▶ [Assignment]:
Whatever the records contain, reproduce all of them exactly.
===== Supplied records
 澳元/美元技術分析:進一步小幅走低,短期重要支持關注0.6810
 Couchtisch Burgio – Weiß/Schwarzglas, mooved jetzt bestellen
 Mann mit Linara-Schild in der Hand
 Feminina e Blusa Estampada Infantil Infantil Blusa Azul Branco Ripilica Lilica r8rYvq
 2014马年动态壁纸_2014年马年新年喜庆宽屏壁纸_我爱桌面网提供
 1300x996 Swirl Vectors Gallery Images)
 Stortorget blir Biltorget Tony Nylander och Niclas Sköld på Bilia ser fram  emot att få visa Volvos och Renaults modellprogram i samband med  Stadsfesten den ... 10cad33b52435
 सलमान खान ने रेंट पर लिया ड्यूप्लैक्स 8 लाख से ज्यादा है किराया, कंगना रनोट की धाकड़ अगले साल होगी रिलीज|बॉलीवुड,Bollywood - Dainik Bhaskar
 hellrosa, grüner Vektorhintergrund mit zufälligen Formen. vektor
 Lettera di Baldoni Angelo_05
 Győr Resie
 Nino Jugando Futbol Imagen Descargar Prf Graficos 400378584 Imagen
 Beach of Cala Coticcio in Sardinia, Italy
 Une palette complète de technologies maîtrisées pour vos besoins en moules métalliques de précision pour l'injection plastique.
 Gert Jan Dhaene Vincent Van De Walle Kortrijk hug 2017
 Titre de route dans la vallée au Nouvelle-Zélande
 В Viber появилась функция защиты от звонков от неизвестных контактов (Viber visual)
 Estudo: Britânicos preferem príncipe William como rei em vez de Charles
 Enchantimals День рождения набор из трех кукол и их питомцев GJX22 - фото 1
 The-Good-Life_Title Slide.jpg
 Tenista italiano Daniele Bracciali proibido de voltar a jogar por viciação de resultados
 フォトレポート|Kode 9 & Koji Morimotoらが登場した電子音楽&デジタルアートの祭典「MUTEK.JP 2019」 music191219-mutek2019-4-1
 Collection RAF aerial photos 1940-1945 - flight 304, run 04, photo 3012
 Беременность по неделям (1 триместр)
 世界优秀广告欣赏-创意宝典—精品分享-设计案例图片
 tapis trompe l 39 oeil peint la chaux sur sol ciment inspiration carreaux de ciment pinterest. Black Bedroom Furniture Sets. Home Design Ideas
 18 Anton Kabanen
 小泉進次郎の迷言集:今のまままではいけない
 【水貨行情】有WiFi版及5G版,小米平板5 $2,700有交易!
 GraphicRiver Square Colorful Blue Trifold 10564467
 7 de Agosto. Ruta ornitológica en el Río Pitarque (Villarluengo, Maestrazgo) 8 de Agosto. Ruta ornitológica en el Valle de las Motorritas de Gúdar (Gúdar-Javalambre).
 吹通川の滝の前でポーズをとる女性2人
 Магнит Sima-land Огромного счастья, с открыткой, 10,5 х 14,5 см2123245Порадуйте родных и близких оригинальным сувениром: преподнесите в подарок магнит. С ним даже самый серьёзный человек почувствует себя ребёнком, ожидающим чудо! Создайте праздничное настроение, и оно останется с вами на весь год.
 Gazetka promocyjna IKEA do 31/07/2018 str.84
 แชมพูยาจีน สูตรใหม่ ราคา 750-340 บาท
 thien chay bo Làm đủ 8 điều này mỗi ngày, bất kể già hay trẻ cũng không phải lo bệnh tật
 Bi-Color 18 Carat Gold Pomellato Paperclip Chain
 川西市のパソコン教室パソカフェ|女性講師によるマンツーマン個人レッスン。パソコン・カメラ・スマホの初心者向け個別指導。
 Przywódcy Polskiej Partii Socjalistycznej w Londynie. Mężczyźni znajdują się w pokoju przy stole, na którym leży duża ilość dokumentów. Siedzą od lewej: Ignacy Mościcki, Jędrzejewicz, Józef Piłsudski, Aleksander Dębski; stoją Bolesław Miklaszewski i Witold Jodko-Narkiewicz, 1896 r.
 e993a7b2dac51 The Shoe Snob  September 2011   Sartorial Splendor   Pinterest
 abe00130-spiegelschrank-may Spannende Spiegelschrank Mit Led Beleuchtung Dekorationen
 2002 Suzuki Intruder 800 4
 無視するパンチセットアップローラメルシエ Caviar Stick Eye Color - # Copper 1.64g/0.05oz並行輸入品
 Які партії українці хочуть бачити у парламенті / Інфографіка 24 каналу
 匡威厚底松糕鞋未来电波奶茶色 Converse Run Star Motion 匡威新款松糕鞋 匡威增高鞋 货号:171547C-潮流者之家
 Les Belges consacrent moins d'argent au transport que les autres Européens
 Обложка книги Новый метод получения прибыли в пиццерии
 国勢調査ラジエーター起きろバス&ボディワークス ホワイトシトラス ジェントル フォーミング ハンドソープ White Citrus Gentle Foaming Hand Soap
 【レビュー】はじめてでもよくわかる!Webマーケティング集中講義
==========
▶ [Response for this exercise]:
 澳元/美元技術分析:進一步小幅走低,短期重要支持關注0.6810
 Couchtisch Burgio – Weiß/Schwarzglas, mooved jetzt bestellen
 Mann mit Linara-Schild in der Hand
 Feminina e Blusa Estampada Infantil Infantil Blusa Azul Branco Ripilica Lilica r8rYvq
 2014马年动态壁纸_2014年马年新年喜庆宽屏壁纸_我爱桌面网提供
 1300x996 Swirl Vectors Gallery Images)
 Stortorget blir Biltorget Tony Nylander och Niclas Sköld på Bilia ser fram  emot att få visa Volvos och Renaults modellprogram i samband med  Stadsfesten den ... 10cad33b52435
 सलमान खान ने रेंट पर लिया ड्यूप्लैक्स 8 लाख से ज्यादा है किराया, कंगना रनोट की धाकड़ अगले साल होगी रिलीज|बॉलीवुड,Bollywood - Dainik Bhaskar
 hellrosa, grüner Vektorhintergrund mit zufälligen Formen. vektor
 Lettera di Baldoni Angelo_05
 Győr Resie
 Nino Jugando Futbol Imagen Descargar Prf Graficos 400378584 Imagen
 Beach of Cala Coticcio in Sardinia, Italy
 Une palette complète de technologies maîtrisées pour vos besoins en moules métalliques de précision pour l'injection plastique.
 Gert Jan Dhaene Vincent Van De Walle Kortrijk hug 2017
 Titre de route dans la vallée au Nouvelle-Zélande
 В Viber появилась функция защиты от звонков от неизвестных контактов (Viber visual)
 Estudo: Britânicos preferem príncipe William como rei em vez de Charles
 Enchantimals День рождения набор из трех кукол и их питомцев GJX22 - фото 1
 The-Good-Life_Title Slide.jpg
 Tenista italiano Daniele Bracciali proibido de voltar a jogar por viciação de resultados
 フォトレポート|Kode 9 & Koji Morimotoらが登場した電子音楽&デジタルアートの祭典「MUTEK.JP 2019」 music191219-mutek2019-4-1
 Collection RAF aerial photos 1940-1945 - flight 304, run 04, photo 3012
 Беременность по неделям (1 триместр)
 世界优秀广告欣赏-创意宝典—精品分享-设计案例图片
 tapis trompe l 39 oeil peint la chaux sur sol ciment inspiration carreaux de ciment pinterest. Black Bedroom Furniture Sets. Home Design Ideas
 18 Anton Kabanen
 小泉進次郎の迷言集:今のまままではいけない
 【水貨行情】有WiFi版及5G版,小米平板5 $2,700有交易!
 GraphicRiver Square Colorful Blue Trifold 10564467
 7 de Agosto. Ruta ornitológica en el Río Pitarque (Villarluengo, Maestrazgo) 8 de Agosto. Ruta ornitológica en el Valle de las Motorritas de Gúdar (Gúdar-Javalambre).
 吹通川の滝の前でポーズをとる女性2人
 Магнит Sima-land Огромного счастья, с открыткой, 10,5 х 14,5 см2123245Порадуйте родных и близких оригинальным сувениром: преподнесите в подарок магнит. С ним даже самый серьёзный человек почувствует себя ребёнком, ожидающим чудо! Создайте праздничное настроение, и оно останется с вами на весь год.
 Gazetka promocyjna IKEA do 31/07/2018 str.84
 แชมพูยาจีน สูตรใหม่ ราคา 750-340 บาท
 thien chay bo Làm đủ 8 điều này mỗi ngày, bất kể già hay trẻ cũng không phải lo bệnh tật
 Bi-Color 18 Carat Gold Pomellato Paperclip Chain
 川西市のパソコン教室パソカフェ|女性講師によるマンツーマン個人レッスン。パソコン・カメラ・スマホの初心者向け個別指導。
 Przywódcy Polskiej Partii Socjalistycznej w Londynie. Mężczyźni znajdują się w pokoju przy stole, na którym leży duża ilość dokumentów. Siedzą od lewej: Ignacy Mościcki, Jędrzejewicz, Józef Piłsudski, Aleksander Dębski; stoją Bolesław Miklaszewski i Witold Jodko-Narkiewicz, 1896 r.
 e993a7b2dac51 The Shoe Snob  September 2011   Sartorial Splendor   Pinterest
 abe00130-spiegelschrank-may Spannende Spiegelschrank Mit Led Beleuchtung Dekorationen
 2002 Suzuki Intruder 800 4
 無視するパンチセットアップローラメルシエ Caviar Stick Eye Color - # Copper 1.64g/0.05oz並行輸入品
 Які партії українці хочуть бачити у парламенті / Інфографіка 24 каналу
 匡威厚底松糕鞋未来电波奶茶色 Converse Run Star Motion 匡威新款松糕鞋 匡威增高鞋 货号:171547C-潮流者之家
 Les Belges consacrent moins d'argent au transport que les autres Européens
 Обложка книги Новый метод получения прибыли в пиццерии
 国勢調査ラジエーター起きろバス&ボディワークス ホワイトシトラス ジェントル フォーミング ハンドソープ White Citrus Gentle Foaming Hand Soap
 【レビュー】はじめてでもよくわかる!Webマーケティング集中講義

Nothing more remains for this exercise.